Quelle tristesse. The poor man. How will he live with himself? And what will he tell the boys, and poor Kathryn? The Blair breakfast table must have been a stomach-churning place last Wednesday morning as Tony tried to soften the blow of these terrible findings on three young innocents, now racked with confusion and pain. "Hey. Look kids, I know its not easy for you. Hey, it's hard for me too. In fact, it's going to be hard for all of us. But the fact is that only 60 per cent think I've got lots of personality, and we're just going to have to learn to live with that." How their stoic little faces must have creased with anguish as he told them of the 17 per cent drop in his "understands people like me" score. How heavy must his heart have been as he then trudged the solemn corridors to the office, alone with his political mortality.

The thing to understand about this year's "state of the nation" poll is that the numbers which say interesting things about Blair relate to 12 months ago. His current ratings are those of a very successful, but normal, politician. Last year's figures told the story of a weird, messianic figure who had come down to Earth to save Britain from greyness in general and the Tories in particular. After 16 months in office, the public now knows that if you prick Blair he bleeds. He is not the man they thought he was, but nobody could have been.

Mr Blair's relocation to the mainstream of political life is a good thing for democracy, and for Labour. It is not healthy at the best of times for either a nation or a party to be led by such a popular politician, and Blair is particularly unsuited to be the object of consistent adulation. During his short (15-year) political career his tendency to believe that he is right on a particular subject because he is so clever (and intuitive) has grown in proportion to his increasing success. It is quite natural that Mr Blair should have proceeded by means of what David Hume called induction. As he consistently perceived himself to be making good judgements and thereby gaining advancement, so it came to seem increasingly plausible that he would be right in the future.
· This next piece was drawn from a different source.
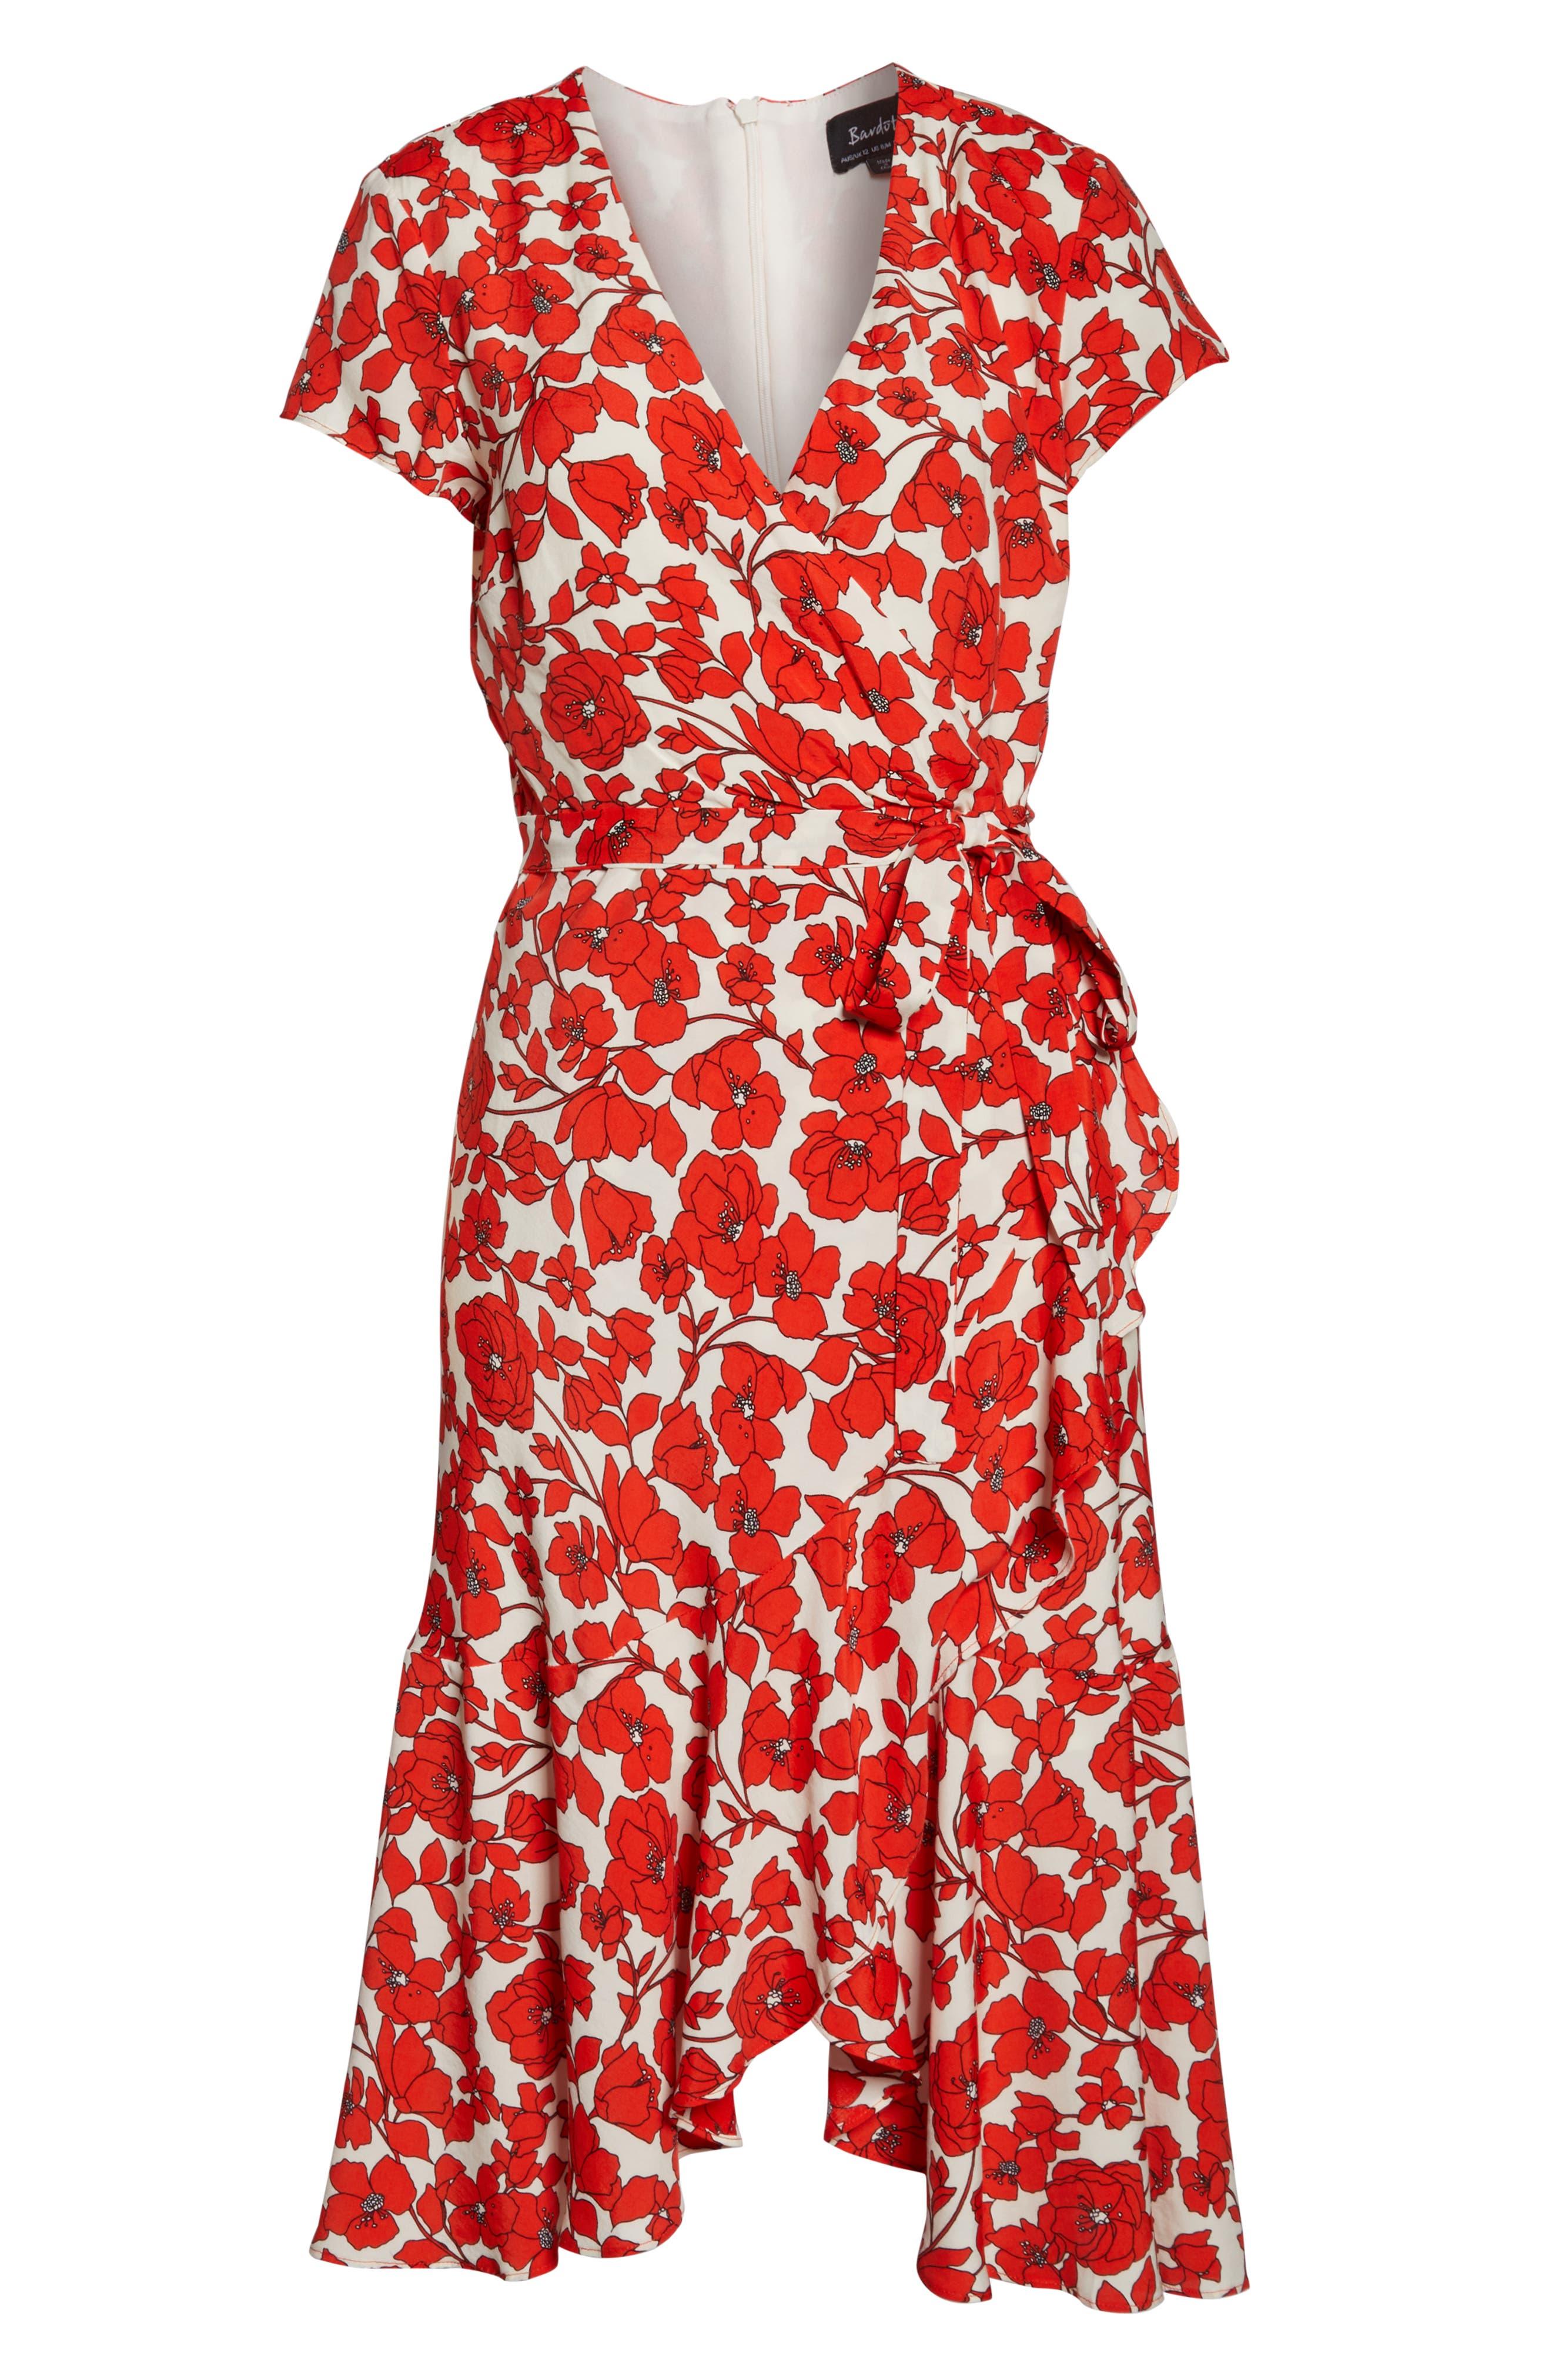 BARDOT, Fiesta Floral Midi Dress, Alternate thumbnail 6, color, 800

Blair identifies being right as what management theorists would call one of his core competencies.

It is not necessarily wrong to think like that. There is much evidence that Blair does have good, though not perfect, judgement. But one cannot help but think that an 80 per cent approval rating is a dangerous thing to be lurking in the back of such a mind.

Not that one can say so with utter conviction, because the mind of Tony Blair is an unusually mysterious thing. In 1982 the rightful author of this column published a minor journalistic masterpiece, Brief Lives. The most startling thing about the 29 pen portraits of which it consists - apart from the idiosyncratic but exemplary prose style - is the way Alan Watkins (for it was he) uses trivia to illuminate his subjects. For example, Watkins mentions, entirely out of context, Lady Violet Bonham- Carter's unusual habit of speaking to Roy Jenkins. "Lady Violet used to address him not as `Roy', `Mr Jenkins' or whatever but as `Mr Roy Jenkins', as in `Mr Roy Jenkins, I believe I left my book in the other room. Would you be so kind as to fetch it for me?' "
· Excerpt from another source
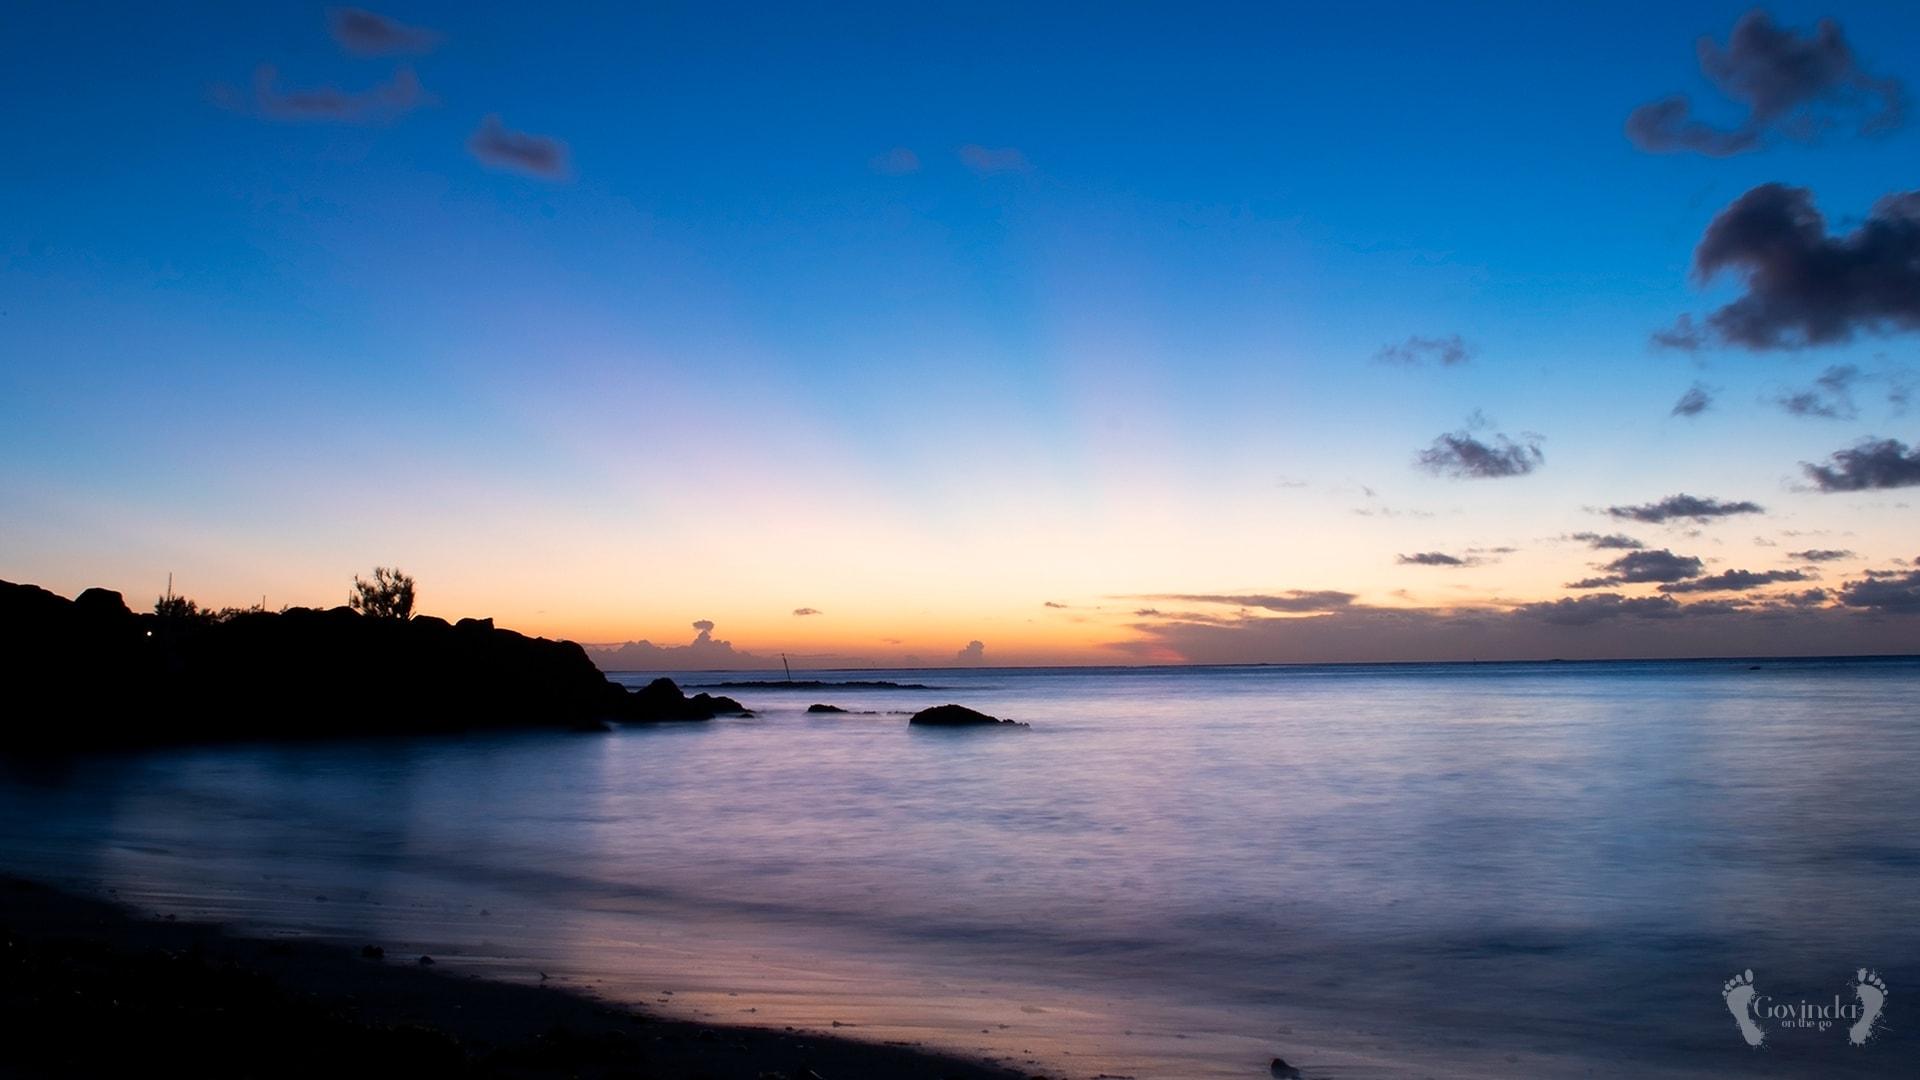 Sunset at Cap Malheureux, Mauritius

That Lady Violet Bonham Carter used always to call him "Mr Roy Jenkins" is all one needs to know about the man Watkins calls "the second most successful minister since 1945". In a single artefact of the life of Roy Jenkins the very essence of this complex and unusual character is perfectly encapsulated.

In the case of Lord Jenkins's political godson, Tony Blair, such arrows of perception are extremely rare. The former Daily Mirror journalist Andy McSmith has published a book containing some interesting anecdotal insights, but they do not claim to be more than unconnected snapshots taken from some distance. Despite two biographies, one of them quite scholarly, there are very few other sources of information about Blair's character. He is the least known, least understood politician of the modern era that began with the death of Gaitskell and Wilson's succession.

This phenomenon cannot be explained by reference to the shielded, distant nature of modern political leadership. No person alive is better insulated than the American President, but we do not lack for details that help us better to understand Mr Clinton.

I have my own theories about what makes the Prime Minister so enigmatic, but it would not be pertinent to develop them on this occasion. I simply wish to make the point that surveys which purport to tell us how the electorate feels about Mr Blair should be treated with extra suspicion on the grounds that he is such an elusive character. What people think about someone they do not feel they "know", even from afar, will be likely to change with the wind.

Yet last week's poll does contain two tranches of information which are relevant to the current scene.

First, the public perception that the NHS and schools are getting worse is down by three per cent and five per cent respectively. Those are the kind of statistics that win elections.

Second, Mr Hague's numbers, which by contrast are the kind that lose them. The only category in which his rating exceeds 20 per cent is arrogance, with which trait the electorate perceives him as being somewhat over-generously endowed. The detail of Mr Hague's results is a spin doctor's despair. For "personality" he scores 8 (compared to Blair's 60), for "experience" 9 (to Ashdown's 51), for "understanding" 12, "honesty" 14, "toughness" 17. Not only do these numbers tell a very sad story, they are almost identical to last year's.

If Hague fails to show real improvement over the next 12 months, the world's least loyal band of brothers and sisters - the Parliamentary Conservative Party - will surely have his head.

Without knowing very much about him, the people deified Mr Blair for a few months last year. Now he is just another politician, though a well liked one. Mr Hague, on the other hand, is very easy to read. But unfortunately for him, the people don't like what they see. Better the devil they don't know than the devil they do. As Byron said, "Life, without friends, what cauchemar." What a nightmare.

Sion Simon is associate editor of `The Spectator' and a `Daily Telegraph' columnist.

Alan Watkins is away.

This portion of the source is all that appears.